Harnessing an MMP-Independent NIR Probe Unveiling the Different Mitochondrial Cristae Changes during Mitophagy and Ferroptosis under STED Microscopy

Mitochondrial cristae remain dynamic structures in order to adapt various physiopathologic processes (e.g., mitophagy and ferroptosis); thus, visualizing and tracking different changes of cristae are crucial for a deeper understanding of these processes. Fluorescent probes that can realize long-term visualization of mitochondrial cristae under stimulated emission depletion (STED) microscopy are powerful tools for their in-depth research. However, there are few reports on such probes, and their constructions remain challenging. Here, we reported a robust squaraine probe (CSN) for visualizing and tracking the changes of mitochondrial cristae in various physiological and pathological processes using STED microscopy. The lipophilic unit of CSN enabled it to firmly immobilize in mitochondria via a hydrophobic interaction, which let the labeling ability of CSN independent of mitochondrial membrane potential (MMP). Using CSN, the mitochondrial cristae were clearly observed at a resolution of 52 nm under STED microscopy. Furthermore, CSN was successfully applied to track the destruction processes of mitochondrial cristae during autophagy and ferroptosis.

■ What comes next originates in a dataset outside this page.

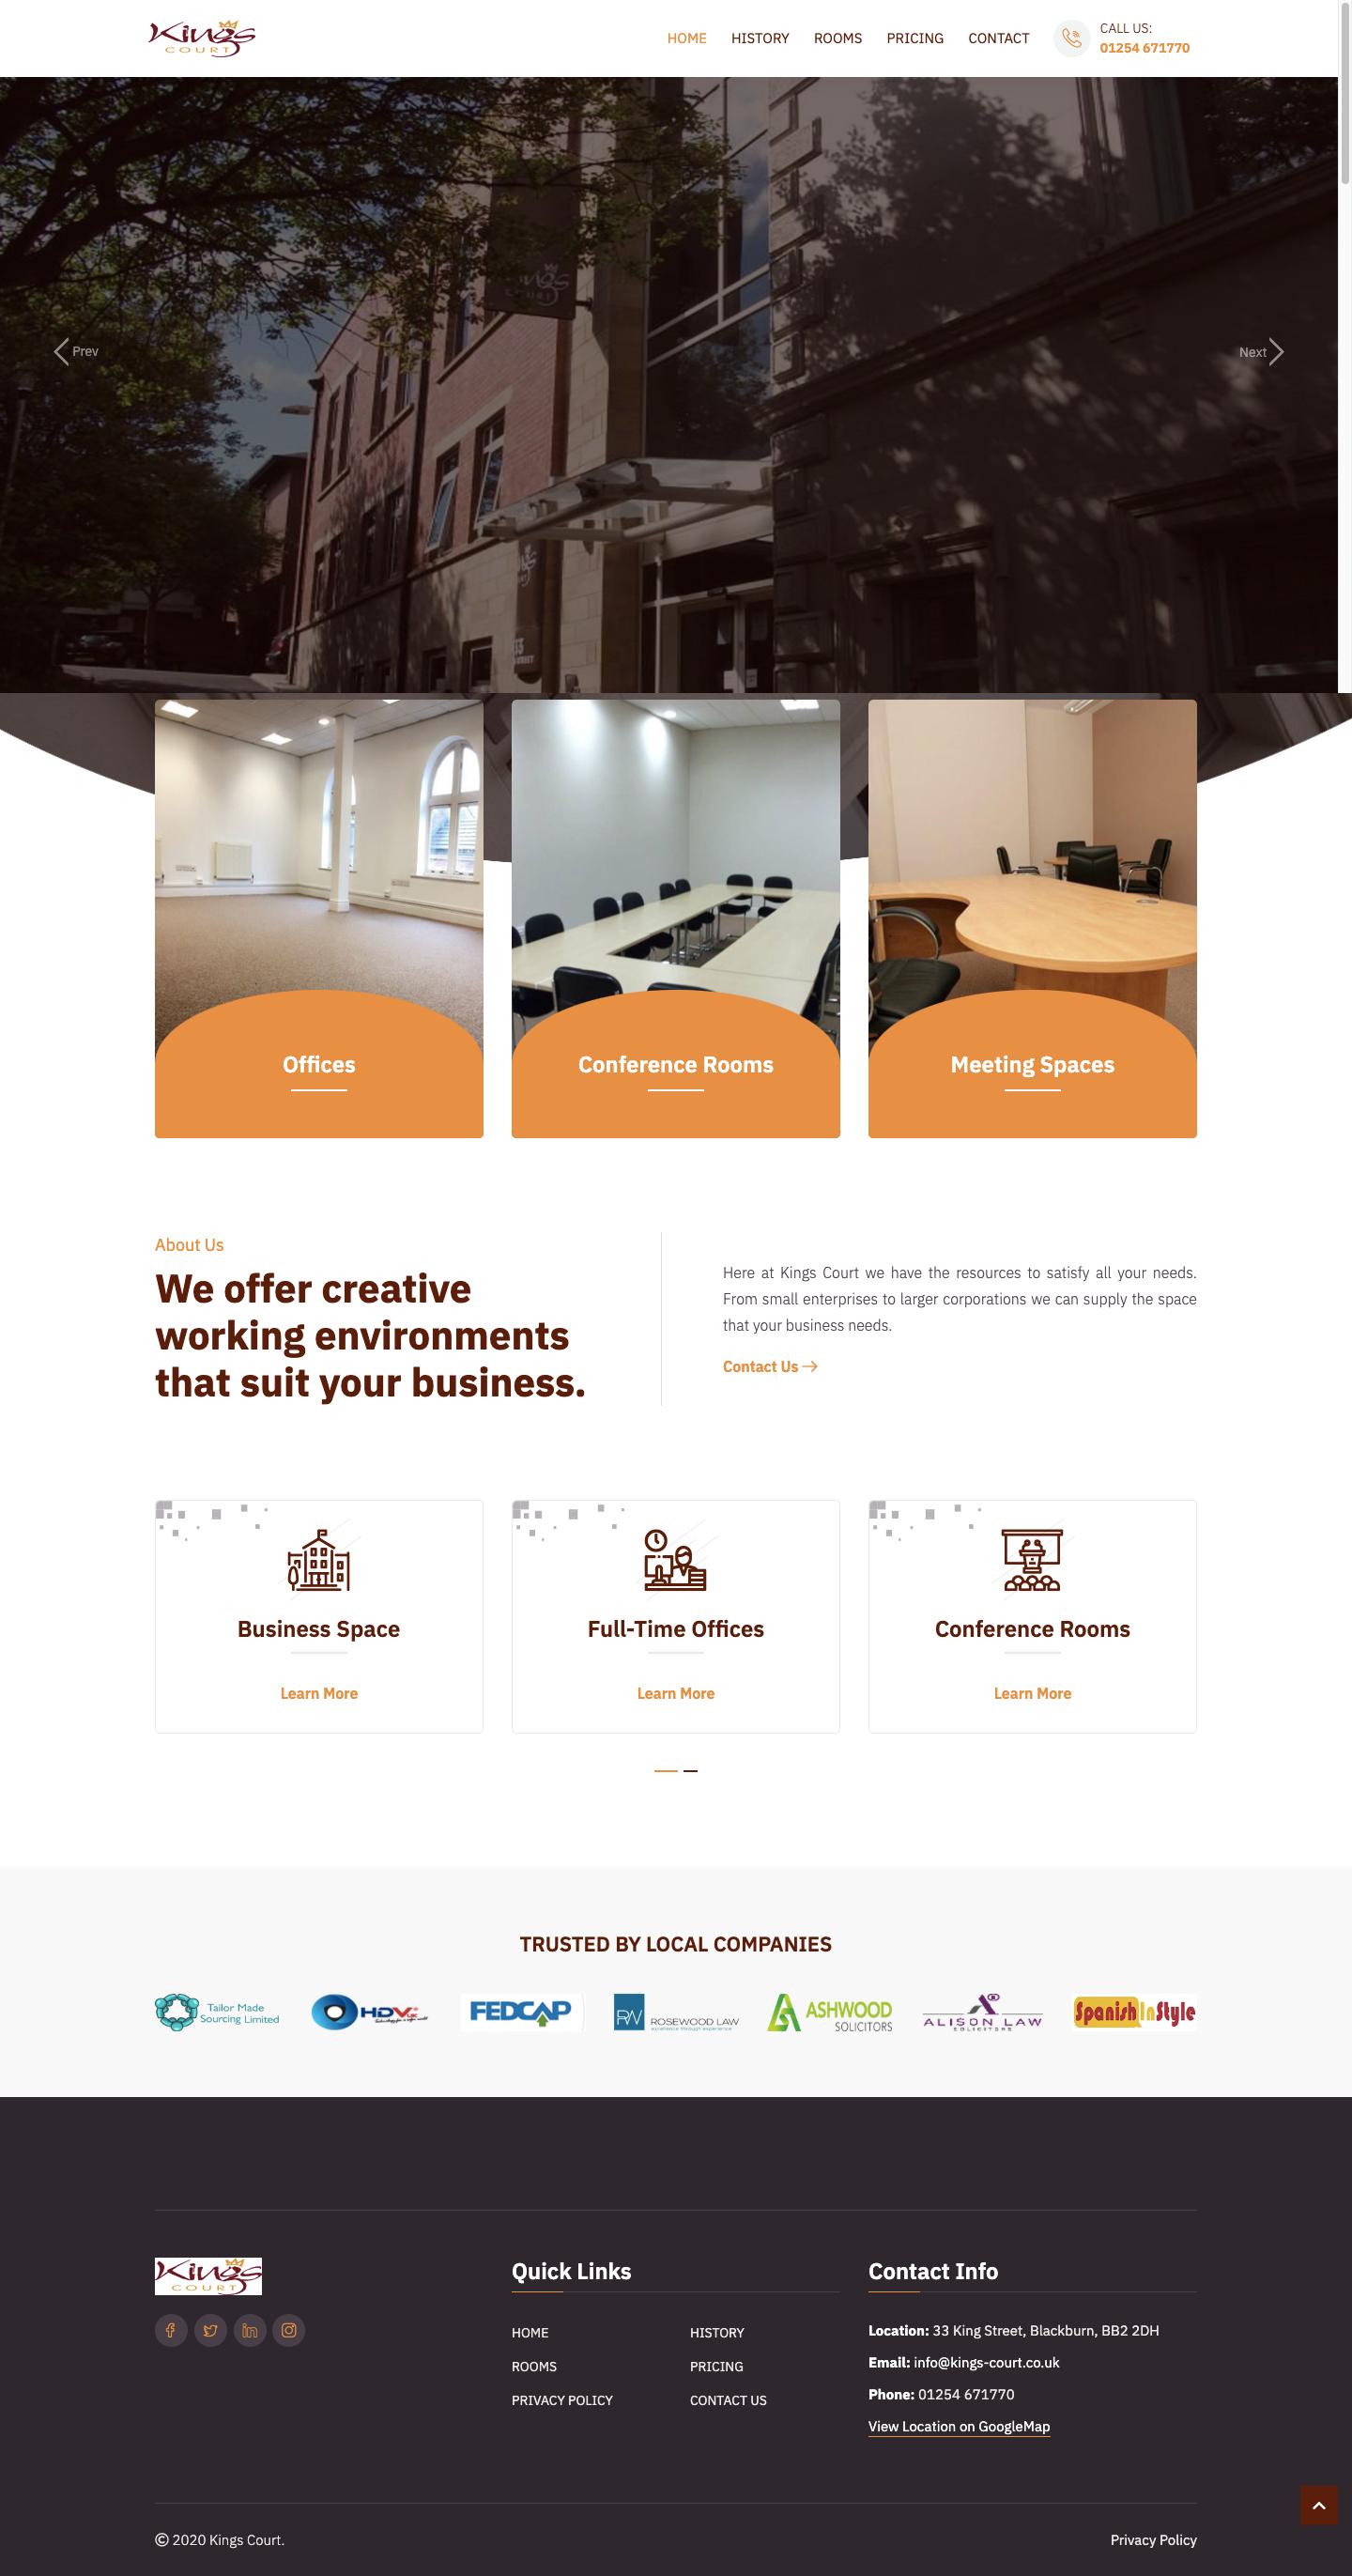 web design services . Freelance web designer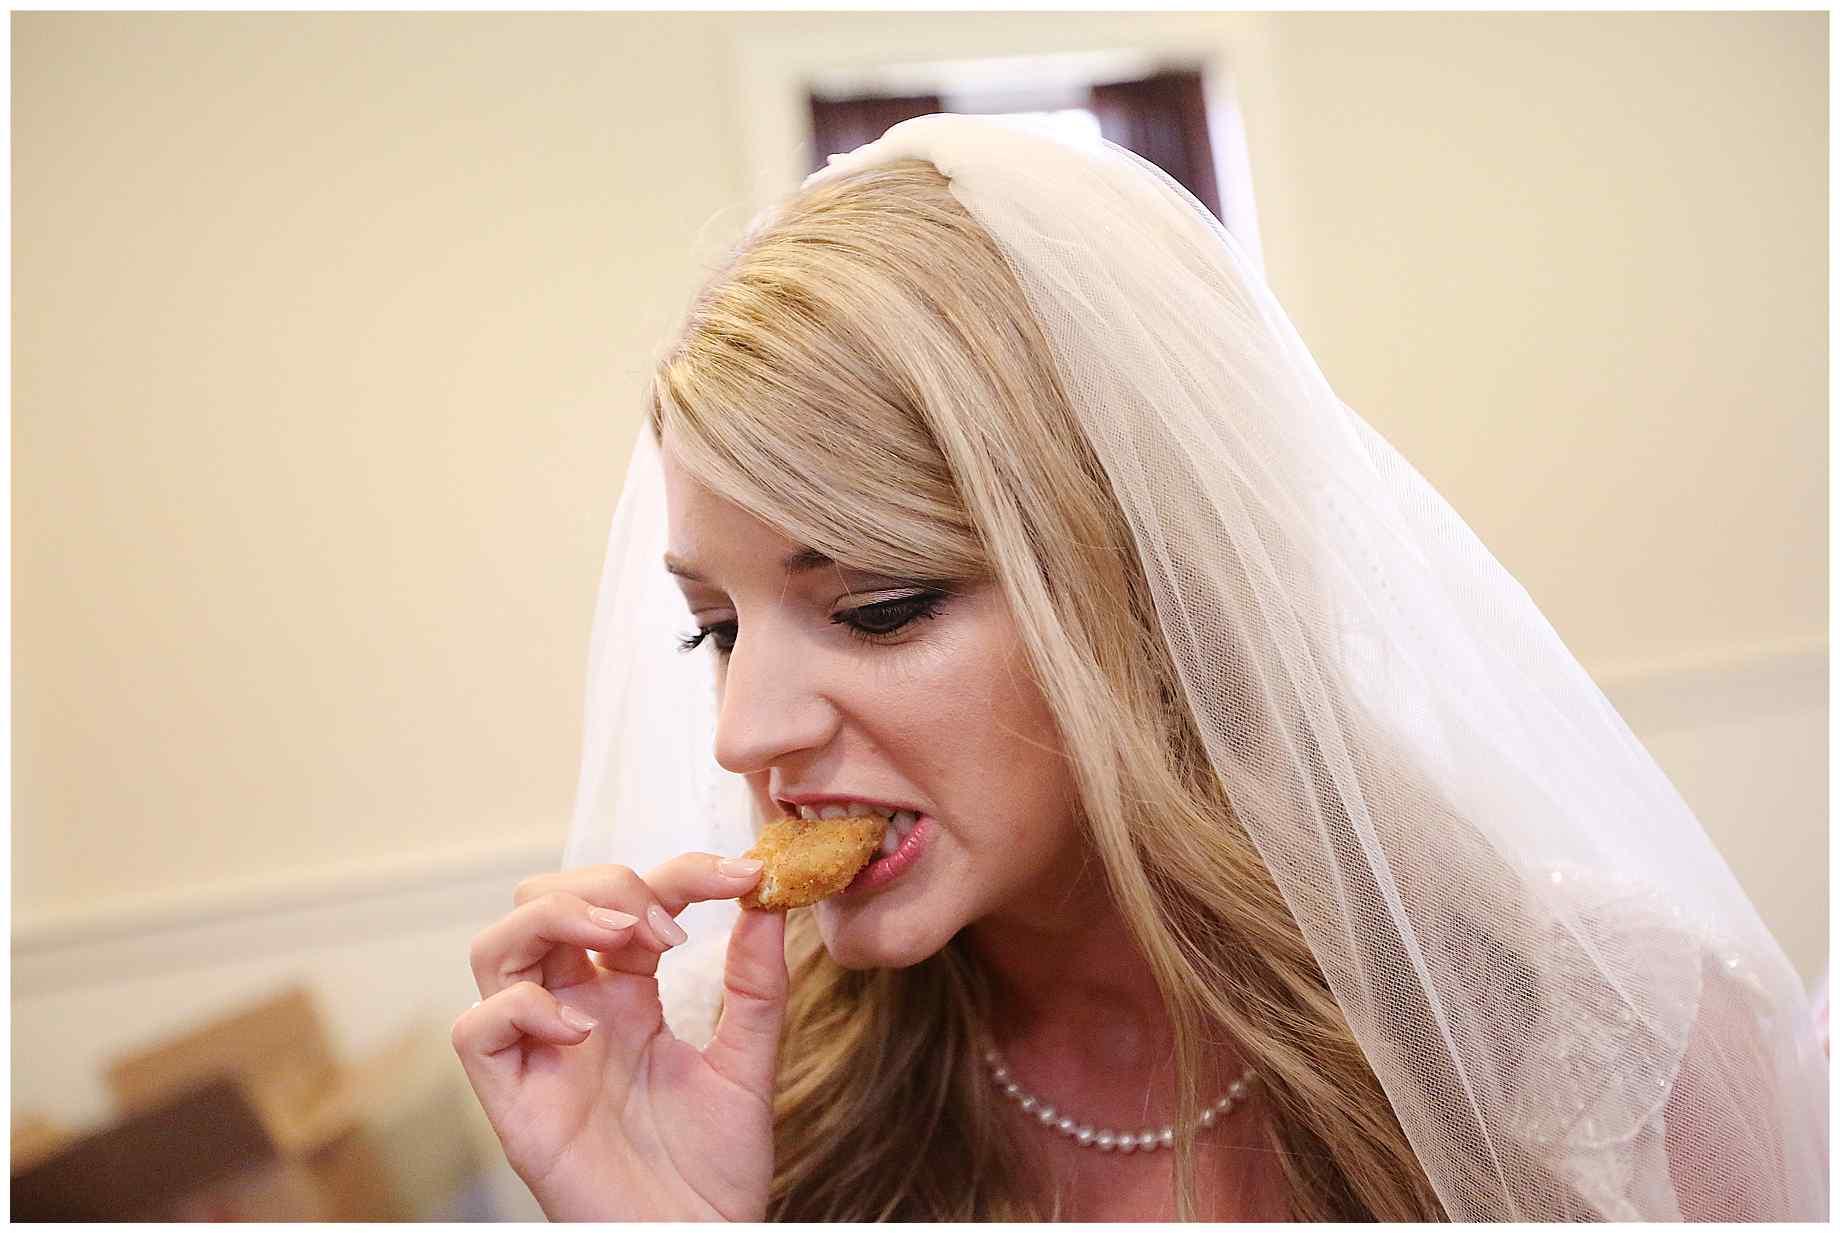 centenary-college-wedding-photos-shreveport-010

Interestingly, we found that during mitophagy, mitochondria first underwent swelling and cristae rupture, and then partial vacuolization, and finally complete vacuolization, whereas during ferroptosis, mitochondria first underwent a gradual reduction in the number of cristae, and then partial fracture, and finally vacuolization. This work revealed the difference in mitochondrial cristae changes during mitophagy and ferroptosis, which provided insights into the two physiological and pathological processes. We believed that CSN could serve as a desirable tool to track cristae changes of intracellular activity processes.